The Persians bore an eagle fixed to the end of a lance, and also represented the sun, as their divinity, upon their standards, which appear to have been formed of some kind of textile, and were guarded with the greatest jealousy by the bravest men of the army. The Carian soldier who slew Cyrus, the brother of Artaxerxes, was allowed the honour of carrying a golden cock at the head of the army, it being the custom of the Carians to wear that bird as a crest on their helmets. The North American Indians carried poles fledged with feathers from the wings of eagles, and similar customs seem to have prevailed among other semi-savage peoples.

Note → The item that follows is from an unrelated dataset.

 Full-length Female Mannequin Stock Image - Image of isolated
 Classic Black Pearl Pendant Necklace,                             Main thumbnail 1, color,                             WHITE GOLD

The Greeks bore a piece of armour on a spear in early times; afterwards the several cities bore sacred emblems or letters chosen for their particular associations,-the Athenians the olive and. the owl, the Corinthians a pegasus, the Thebans a sphinx, in memory of Edipus, the Messenians their initial M, and the Lacedæmonians. A. A purple dress was placed on the end of a spear as the signal to advance. The Dacians carried a standard representing a contorted serpent, while the dragon was the military sign of many peoples,-of the Chinese, Dacians, and Parthians among others, and was probably first used by the Romans as the ensign of barbarian auxiliaries (see fig. 3).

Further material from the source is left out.